就労移行支援に通う意味はないって本当?
簡単な作業ばかりで仕事の役に立たない
ネットには「就労移行支援は意味ない」「通うのやめました」などネガティブなワードが並んでいて不安になりますよね。
安心してください!就労移行支援に通う意味はありますし、就労移行支援に通った方が自分にとってホワイトな職場に就職しやすいです。
本記事では以下について解説します。
この記事を読んで、就労移行支援を正しく利用すれば必ず就職できることを知って安心して通所していてください。
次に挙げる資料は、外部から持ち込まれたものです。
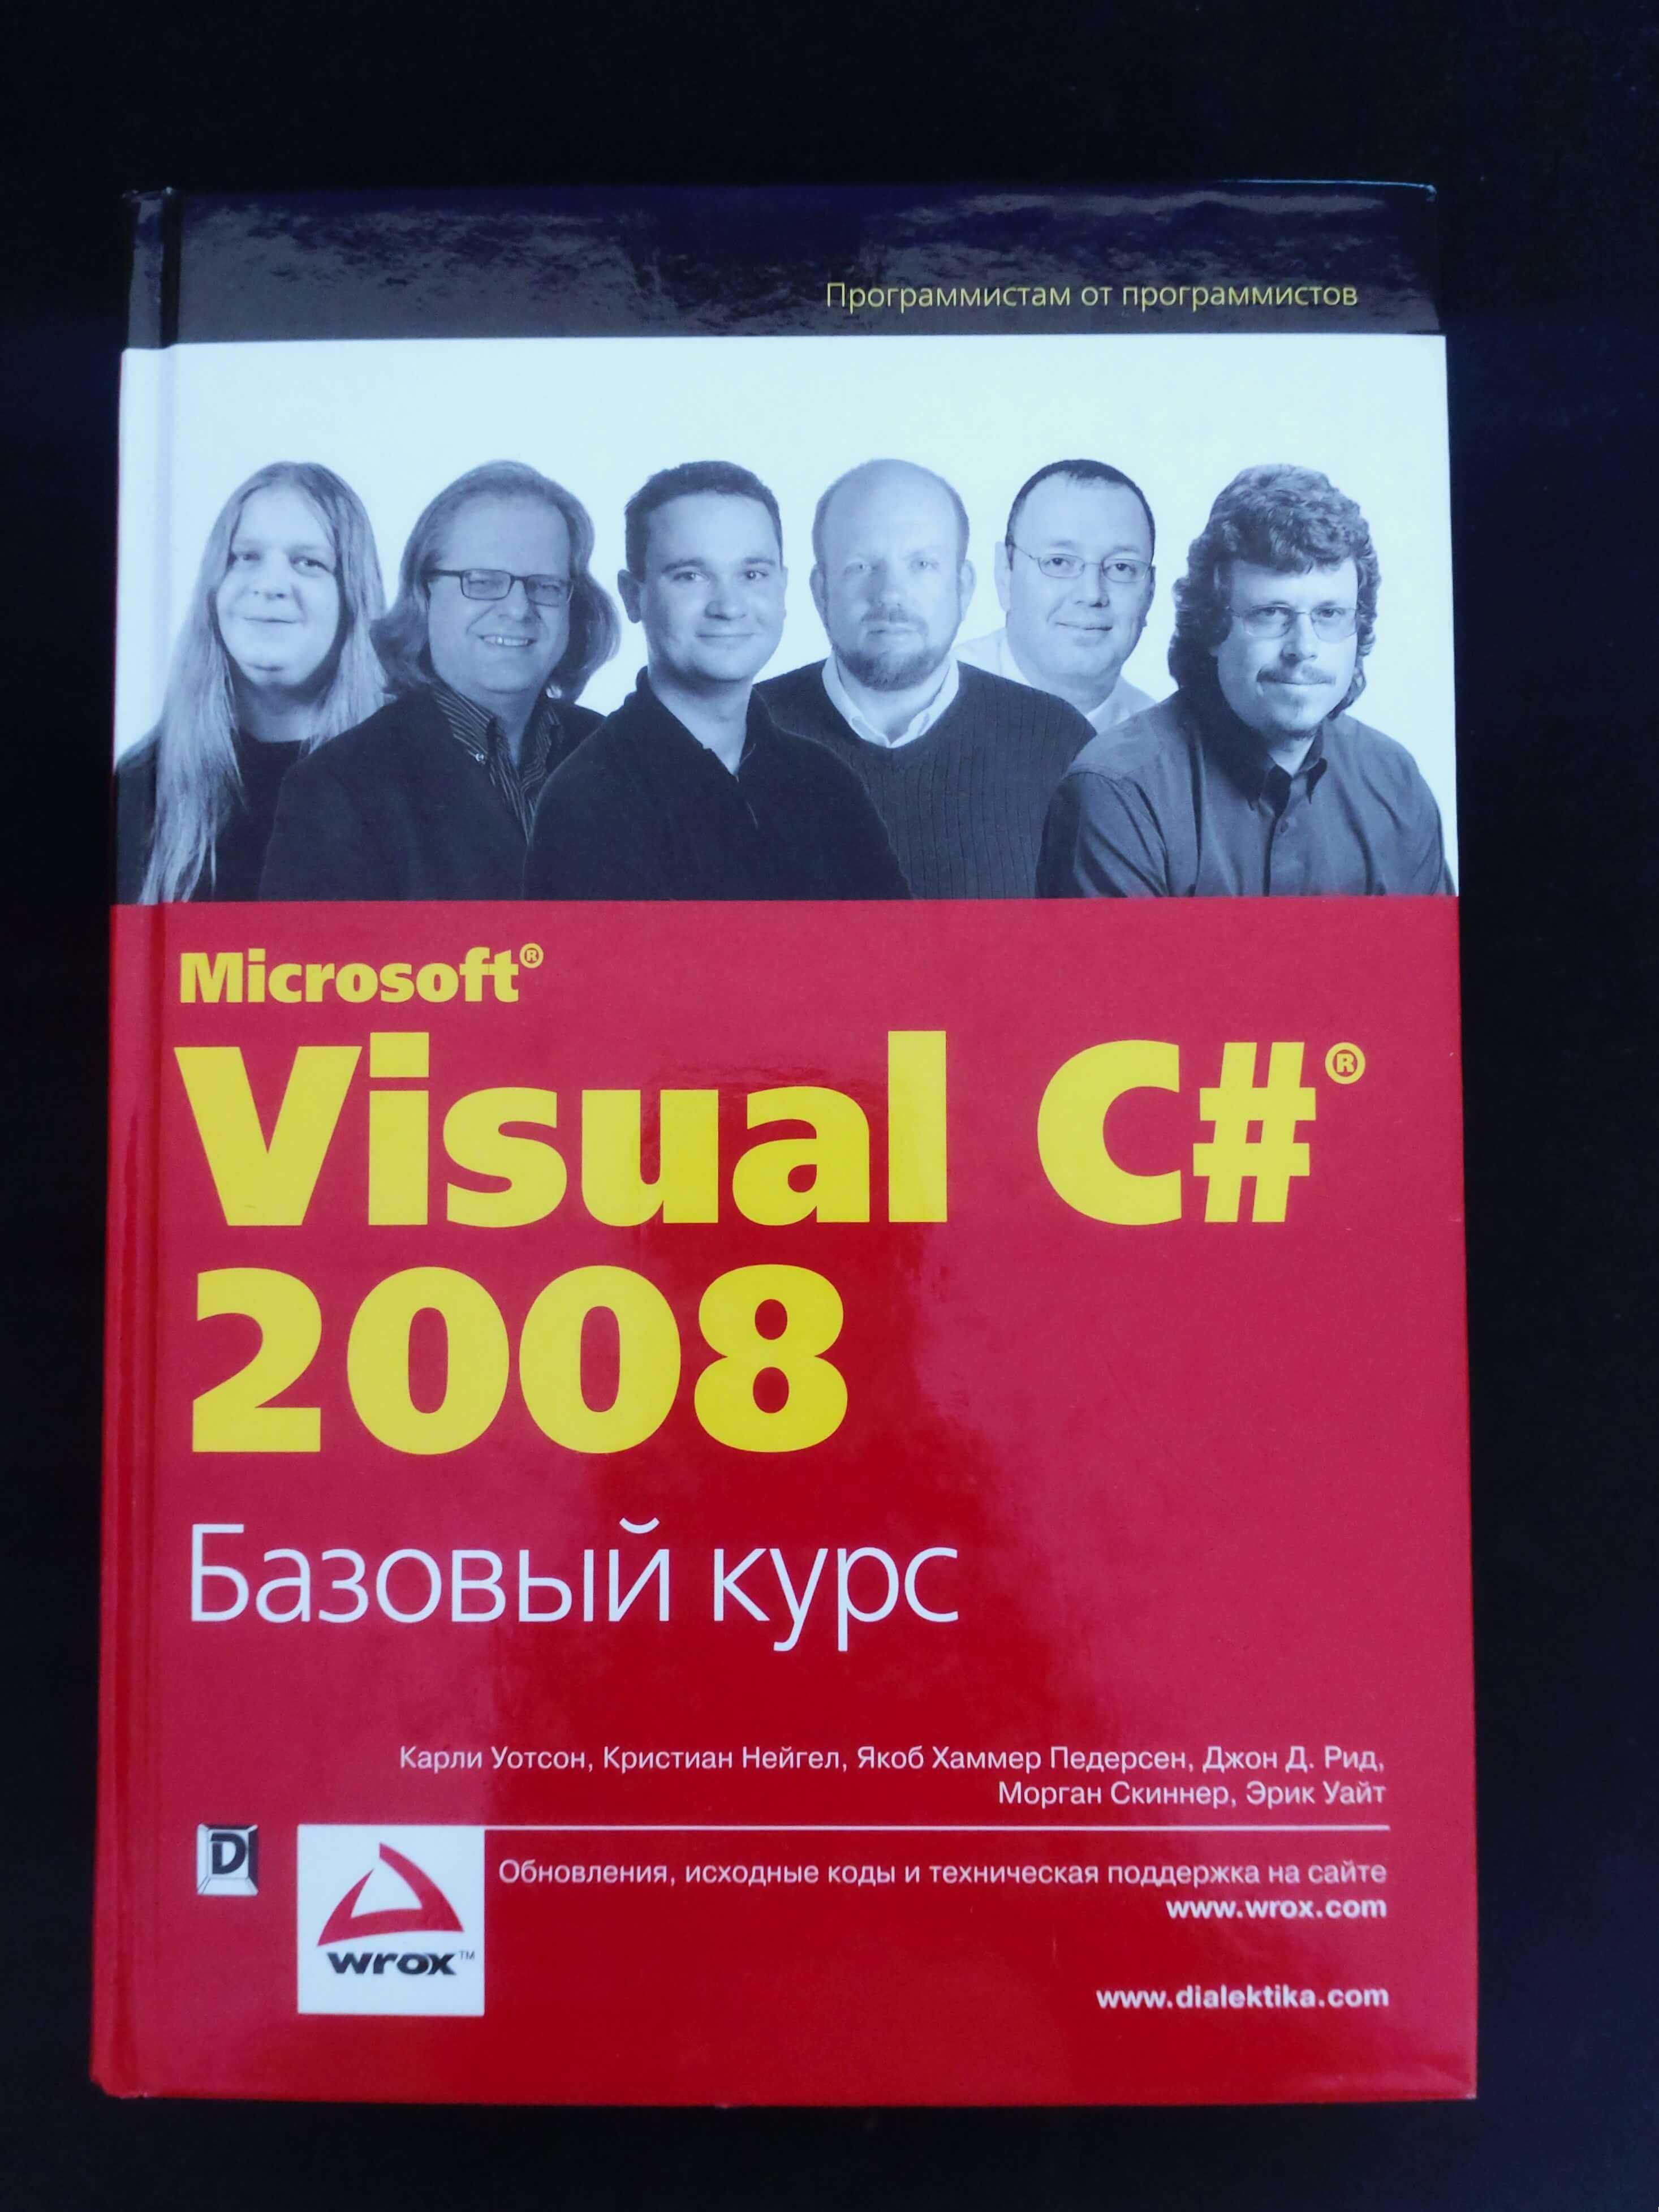 Visual C# 2008 (.NET 3.5) Базовий курс: технічна книга, програмування

どこでも良いから就職したい人は就労移行に通う必要はない!
そもそもあなたはなぜ就労移行支援を利用しようと思いましたか?
障害者雇用で就職するため…?
どこでもいいから障害者雇用で就職したいなら就労移行支援を使わずとも就職できます
なぜなら、2021年現在の障害者雇用市場は「超売り手市場」だからです。
2021年3月1日から障害者の法定雇用率が0.1%引き上げになりました。
2020年6月時点での実雇用率は2.15%だったので、全体で約0.15%の雇用率不足であると推測されます。
0.15%と聞くとかなり少ない数に見えますが、すべての企業が法定雇用率を達成するためには4万人以上もの雇用をしなければいけません。
就労移行支援に通所し就労を目指している人数が全国で約3万3000人です。就労移行支援に通所中の方が全員就職したとしても法定雇用率に足りないという状態なのです。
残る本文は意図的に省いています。